AntonioDeFalco / SCEVAN

R package that automatically classifies the cells in the scRNA data by segregating non-malignant cells of tumor microenviroment from the malignant cells. It also infers the copy number profile of malignant cells, identifies subclonal structures and analyses the specific and shared alterations of each subpopulation.
https://www.nature.com/articles/s41467-023-36790-9
GNU General Public License v3.0
92 stars 25 forks source link

Extracting CNV matrix for downstream analysis #7

Closed grst closed 2 years ago

grst commented 2 years ago

Hi,

I would like to extract the data used for plotting the for some downstream analysis (custom visualization and computation of a heterogeneity score).

The only full cell x feature matrix I could find in the results is the mtx_vega.txt matrix. However when plotting it as a heatmap, the results are rather inconsistent:

image

(tumor/normal classification is the result from SCEVAN)

Is there a way to retrieve the "final" SCEVAN results somehow?

Cheers, Gregor

CC @abyssum

AntonioDeFalco commented 2 years ago

Hi, Yes the CNV matrix was not saved in the output and the _mtxvega.txt file is an intermediate pipeline file. I added in the last commit 8d91777 the saving of the matrix that you will find in the output folder in the file CNAmtx.RData.

Thanks for your interest in our tool. Regards

grst commented 2 years ago

That was amazingly quick! Thanks!

grst commented 2 years ago

Hi @AntonioDeFalco,

I now ended up with something that looks like this: image

which is a lot closer to the SCEVAN heatmap. However, the SCEVAN heatmap seems to have contain some "segmentation" information on top. Is that available somewhere as well?

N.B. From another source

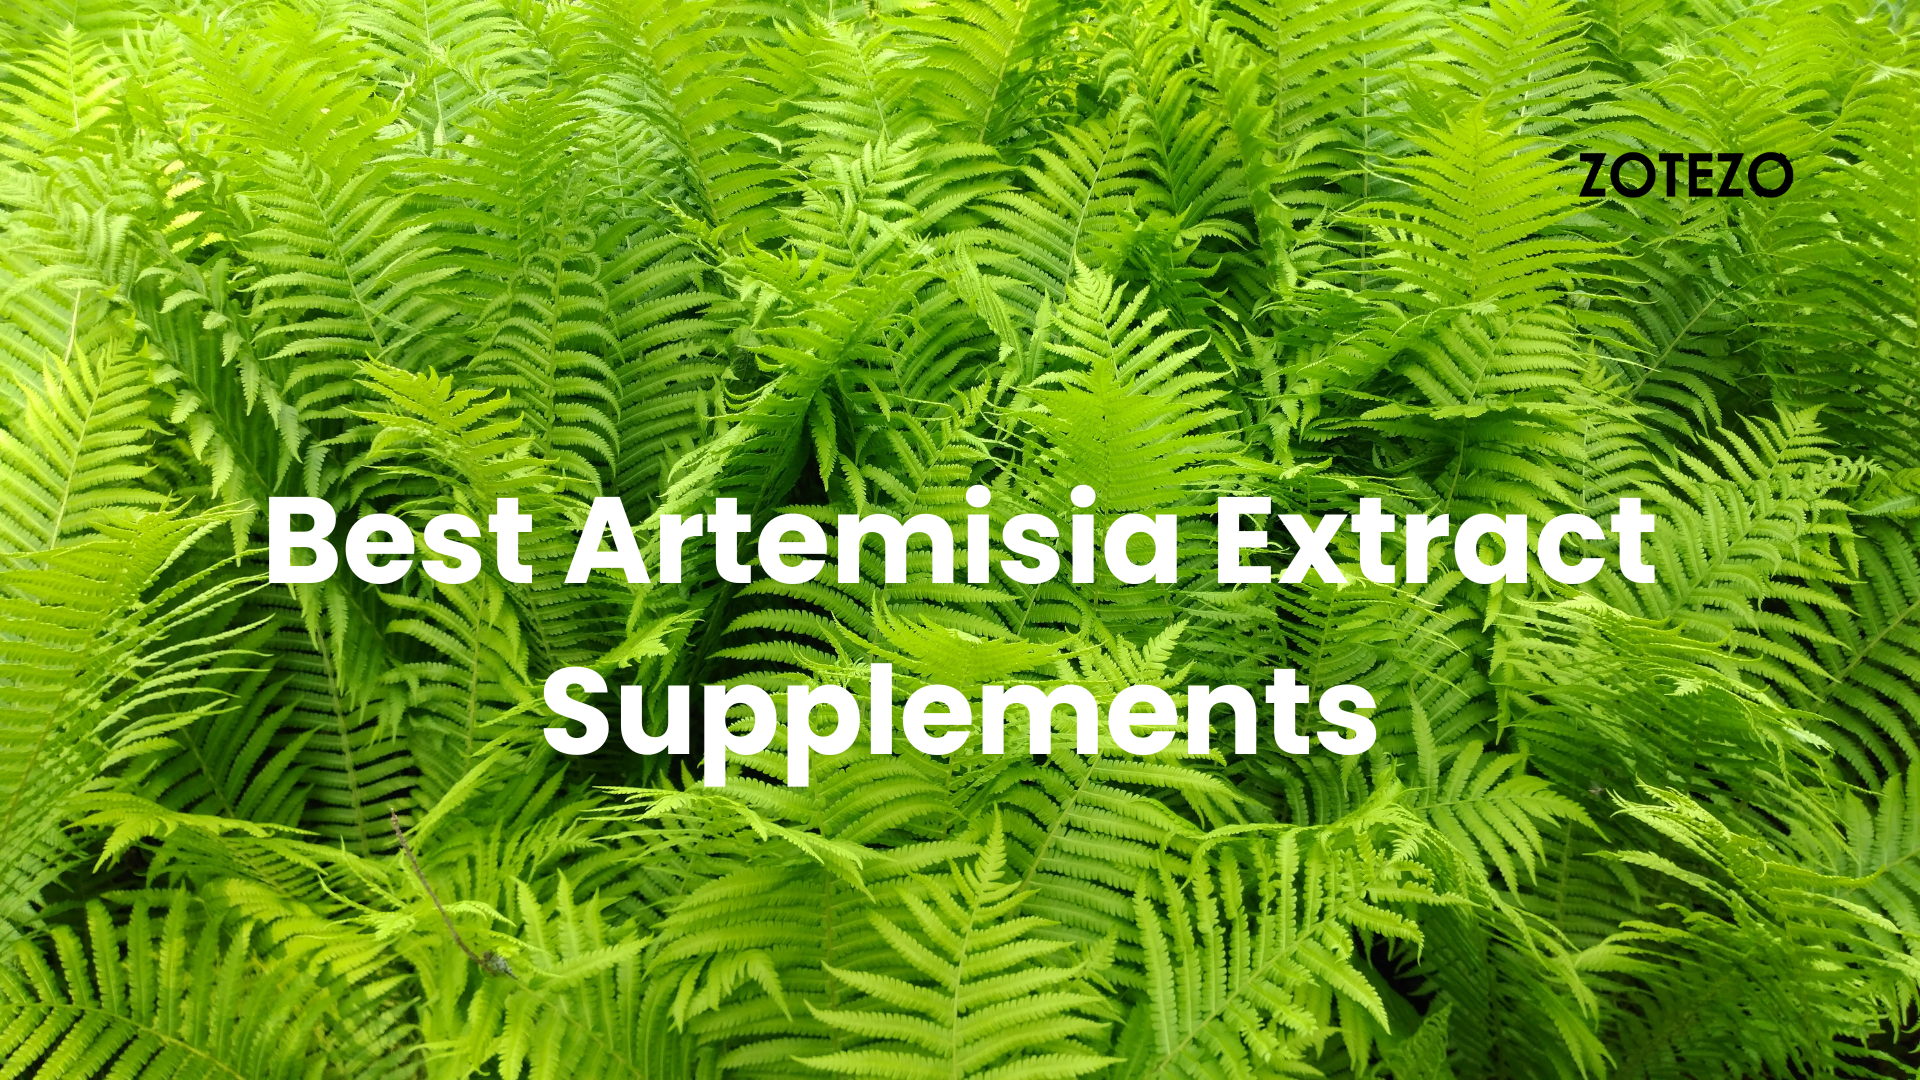 Artemisia Extract Supplements in India

AntonioDeFalco commented 2 years ago

Hi @grst, If you mean the gray and black colors at the top they indicate the different chromosomes not segmentation information. Instead you can find information about segmentation in the files in the output folder ending with vega output.txt, one file (only tumor) with the segmentation of all tumor cells and one file for each subclone with the respective segmentation.

grst commented 2 years ago

I was actually referring to the segments indicated with blue lines here:

image

I suspect this is the same segmentation as in the vega output.txt you were mentioning. To reproduce the heatmap, do I simply need to calculate the mean of the CNA matrix for each cell in each vega segment?

Many thanks and enjoy the holidays! Gregor

grst commented 2 years ago

Hi @AntonioDeFalco,

could you please take a look at my last question? I suspect it got lost over the holidays.

Many thanks, Gregor

AntonioDeFalco commented 2 years ago

Hi @grst, exactly the saved matrix was missing the step of calculating the mean in the segmentation segments. I have corrected it in the last commit ab634a5, now the matrix saved in the CNAmtx.RData file corresponds exactly to the SCEVAN heatmap.

Sorry for the late reply. Regards

grst commented 2 years ago

Nice! I now can reproduce the tumor/normal heatmap exactely! image

However, the when subsetting it to the subclones, it still looks slightly different. It looks like there is a different segmentation information used for the subclones heatmap: image

AntonioDeFalco commented 2 years ago

As explained in the preprint, after clustering the CNA matrix to find the subclones, each cluster is segmented independently and analysed separately to then obtain the subclone heatamp. Last commit de6a350, save in CNAmtxSubclones.RData this heatmap.

AntonioDeFalco commented 2 years ago

@grst I made a mistake in the last commit which caused an error as reported by another user and I have just corrected the problem in the commit. de6a350.

grst commented 2 years ago

Everything works as expected now! Thanks for your excellent support!

Pentayouth commented 6 months ago

Countless softwares have ceased updating shortly after publication. It's very exciting to see the author promptly optimizing such an important and easy-to-use software. All best wishes!